The High Violets are an American dream pop band from Portland, Oregon, United States.

==History==
The High Violets were formed in late 1998 after the breakup of Portland band The Bella Low by former members Clint Sargent, Luke Strahota and Violet Bianca Grace. This lineup was short-lived however as Grace left after a few gigs. Sargent and Strahota then joined forces with Allen Davis of Echoplex. Soon after Sargent recruited Kaitlyn Ni Donovan to complete the line up. After self-releasing an EP entitled Dream Away, they signed to Irish label Reverb Records and released 44 Down in 2002. Four years later, they followed up with the critically acclaimed To Where You Are, also on Reverb. The group also performed at SXSW in 2006. In 2007, they performed at NXNE and released a remix album, Satellite Remixes, which featured Ulrich Schnauss and Carmen Rizzo among others. Although the band is currently on hiatus from touring and live performances they have been active in the studio. Their fifth full-length album Heroes and Halos, released April 1, 2016, was listed on PopMatters 10 Best Shoegaze and Dream pop Albums 2016. In 2021 they released the B-Sides & Rarities album.

==Discography==
- Dream Away EP (Self Released 2000)
- 44 Down EP (Reverb Records, 2002)
- Invitation EP (Self Released 2005)
- To Where You Are (Reverb, 2006)
- Satellite Remixes (Reverb, 2007)
- Cinema (Comet Rock, 2010)
- Heroes and Halos (Saint Marie Records, 2016)

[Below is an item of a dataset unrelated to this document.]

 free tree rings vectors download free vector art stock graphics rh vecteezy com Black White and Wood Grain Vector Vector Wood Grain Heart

- B-Sides & Rarities (Comet Rock, 2021)

==Compilations==
- Northwestern Presents... Rock Stars Attack! (2000)
- NW Shoegazer Bliss (2002)
- In a Different Place (2003)
- Fuzzy Ball (2004)
- MusicfestNW '06 (2006)
- Missing Deadlines - Ulrich Schnauss Remixes (2010)
- Rock Back for Japan, volume 5 (2011)
- Static Waves Saint Marie Records (2012)

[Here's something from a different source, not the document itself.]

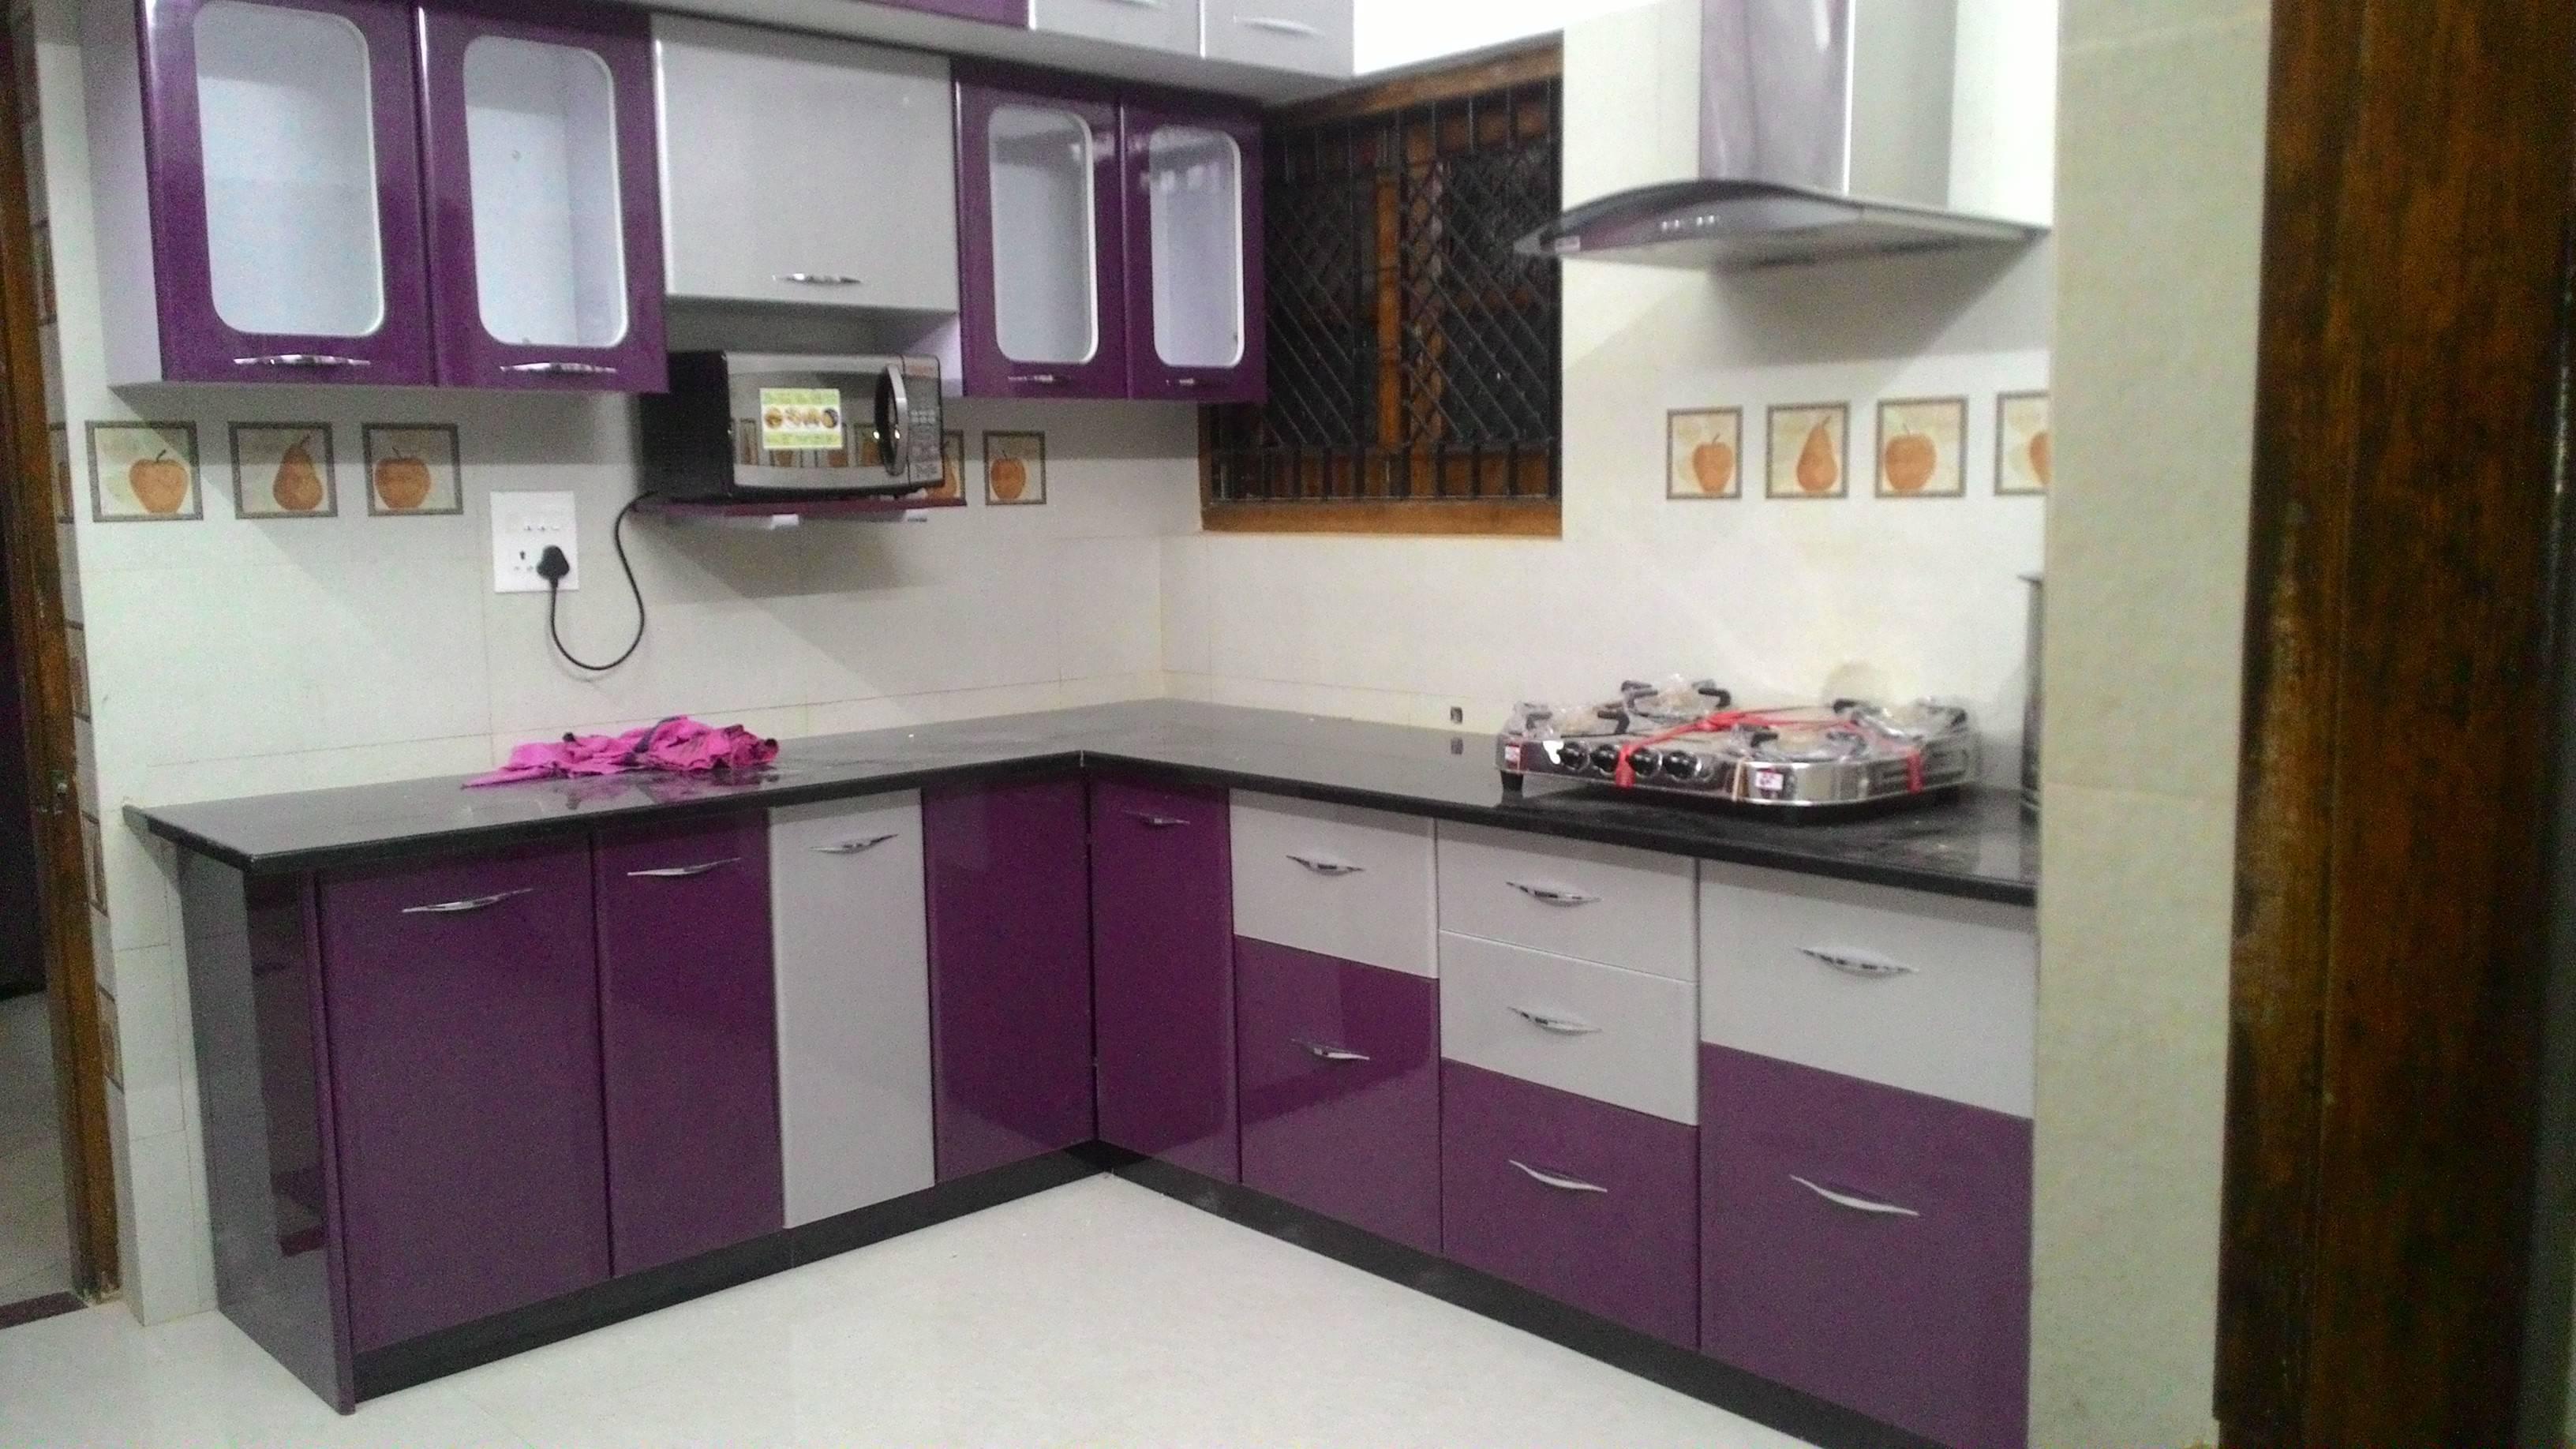 ... modular kitchen design - rachana modular kitchen photos, lashkaribag, nagpur QTWPHLS

- Static Waves 2 Saint Marie Records (2013)
- Static Waves 3 Saint Marie Records (2014)
- Static Waves 4 Saint Marie Records (2015)

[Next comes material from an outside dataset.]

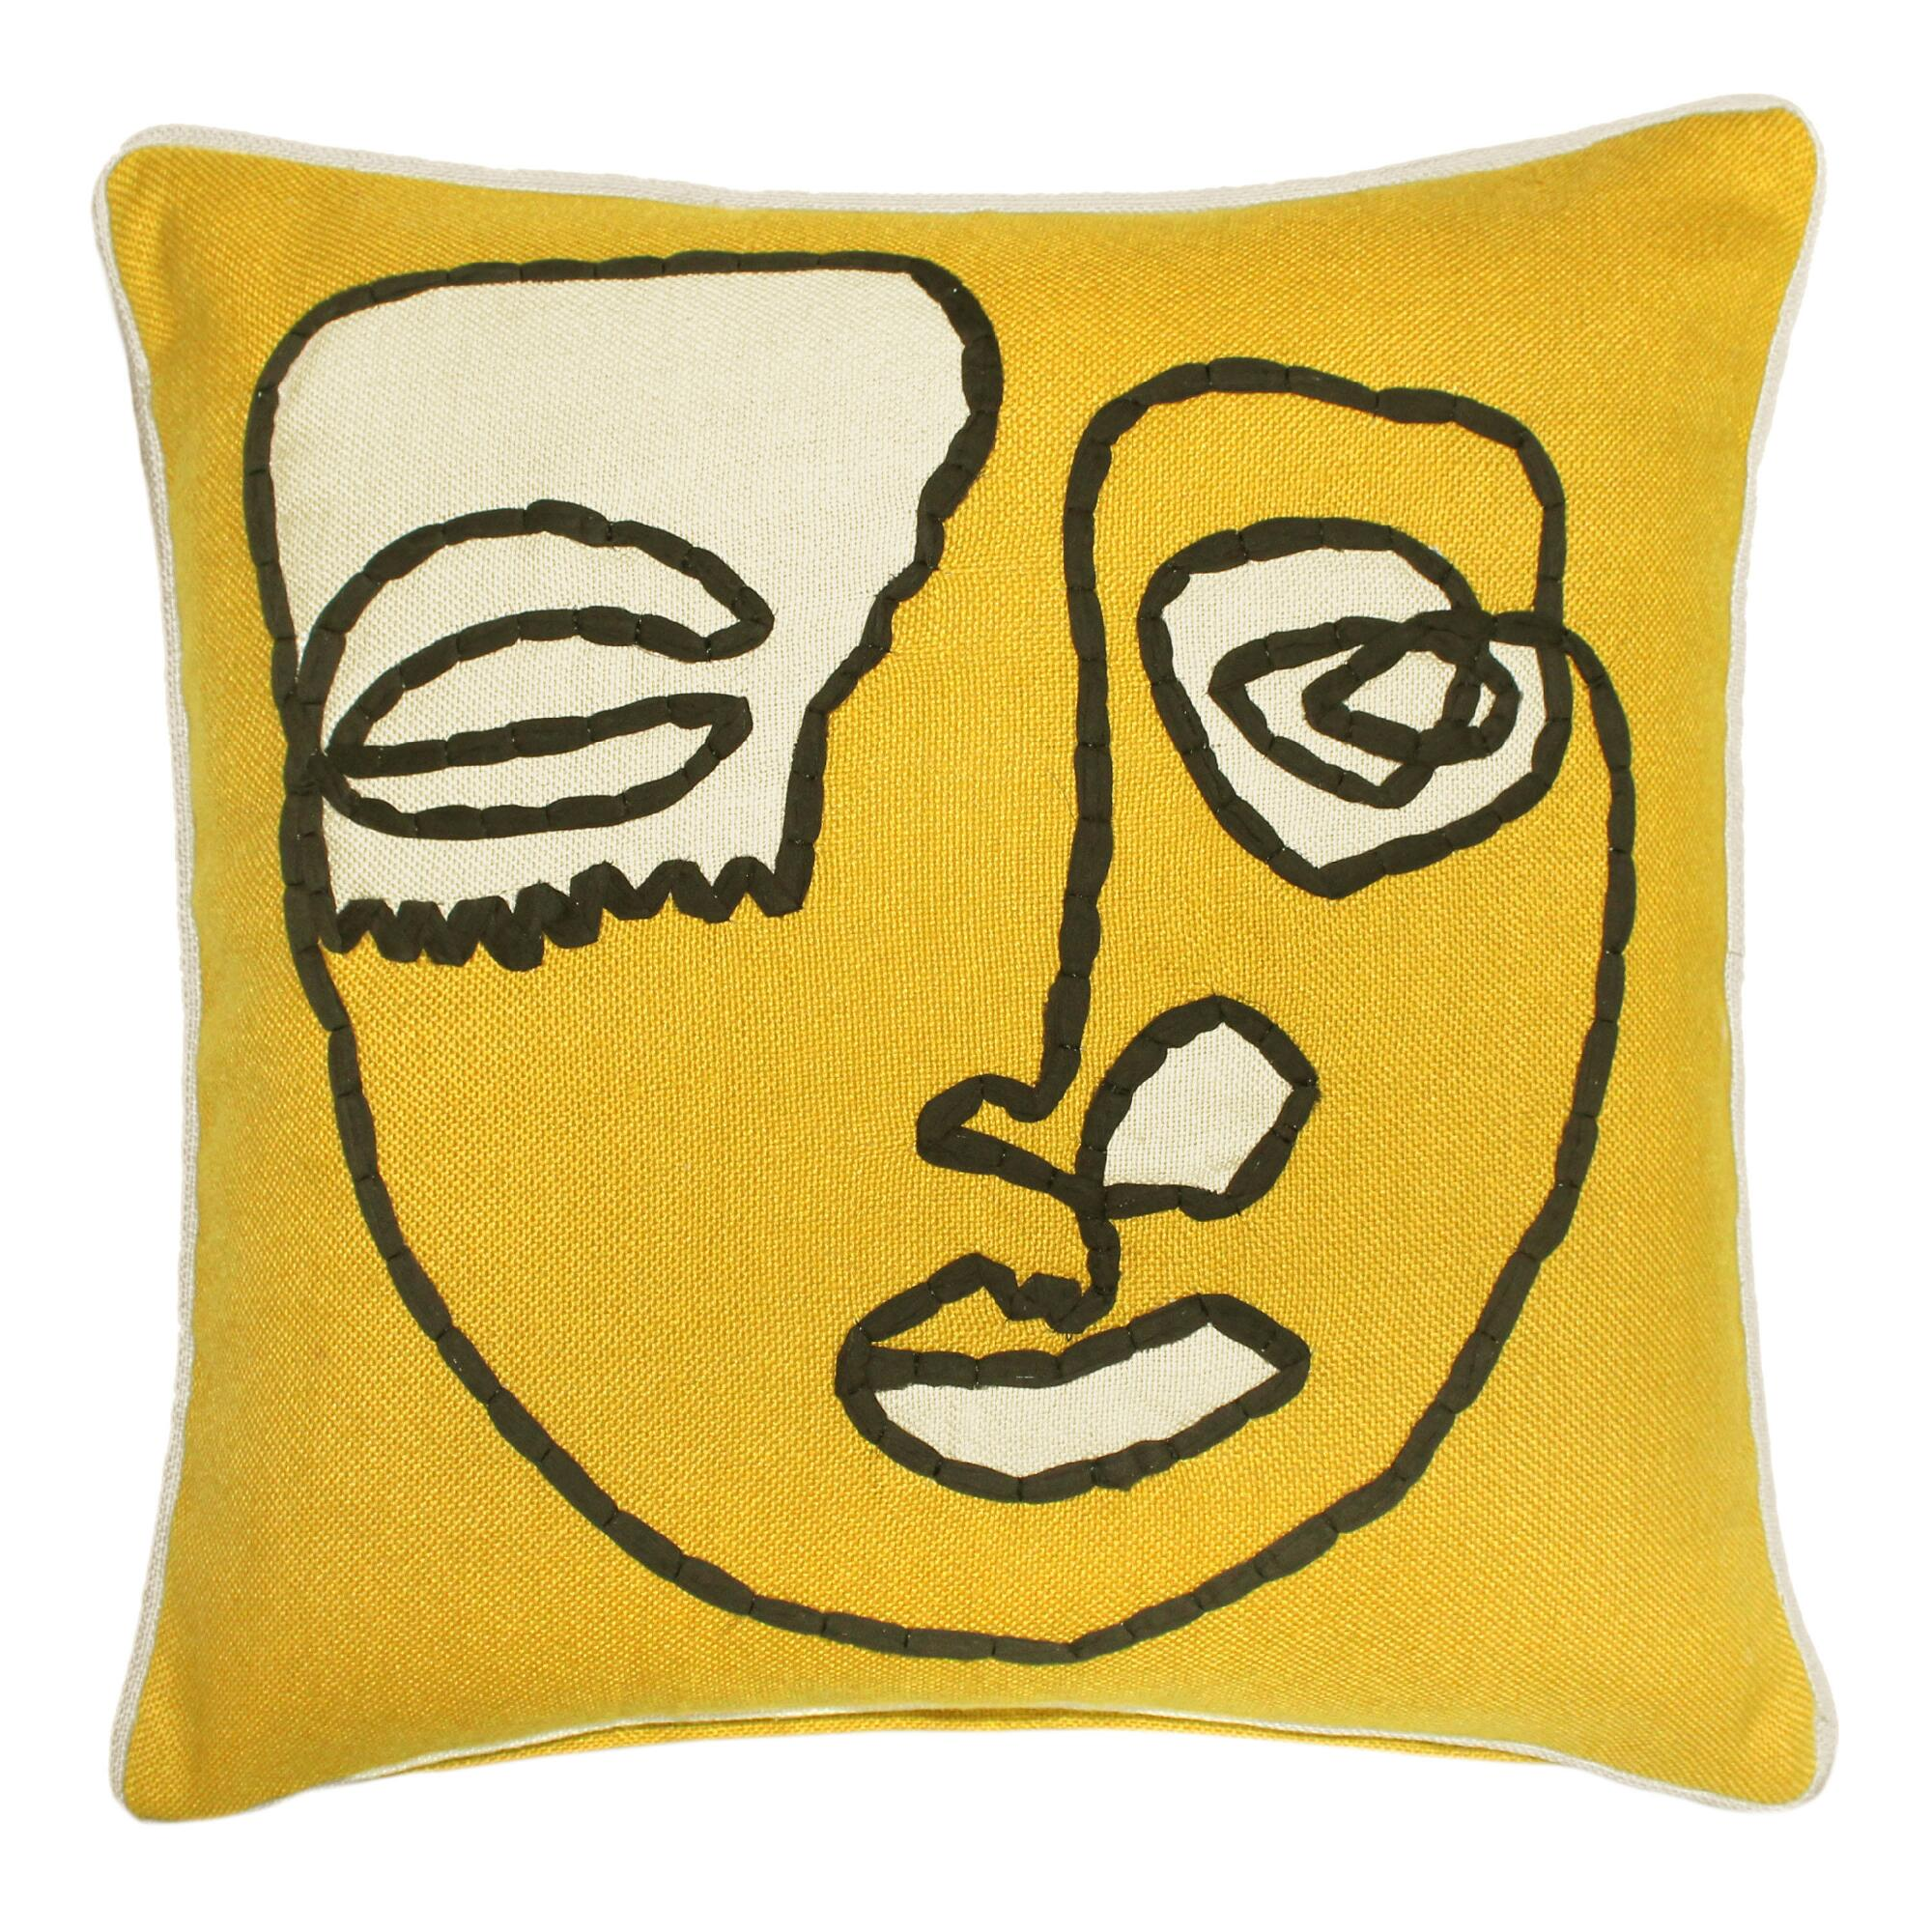 Gold Contour Face Indoor Outdoor Throw Pillow $29.99

==Song appearances in media==
The High Violets songs have been featured in various television shows, including:
- MTV Fraternity Life
- MTV Sorority Life
- CW Life Unexpected
- Direct TV You Me Her
The High Violets song Chinese Letter Remix (Ulrich Schnauss remix) was featured in the film and film soundtrack Water Wings.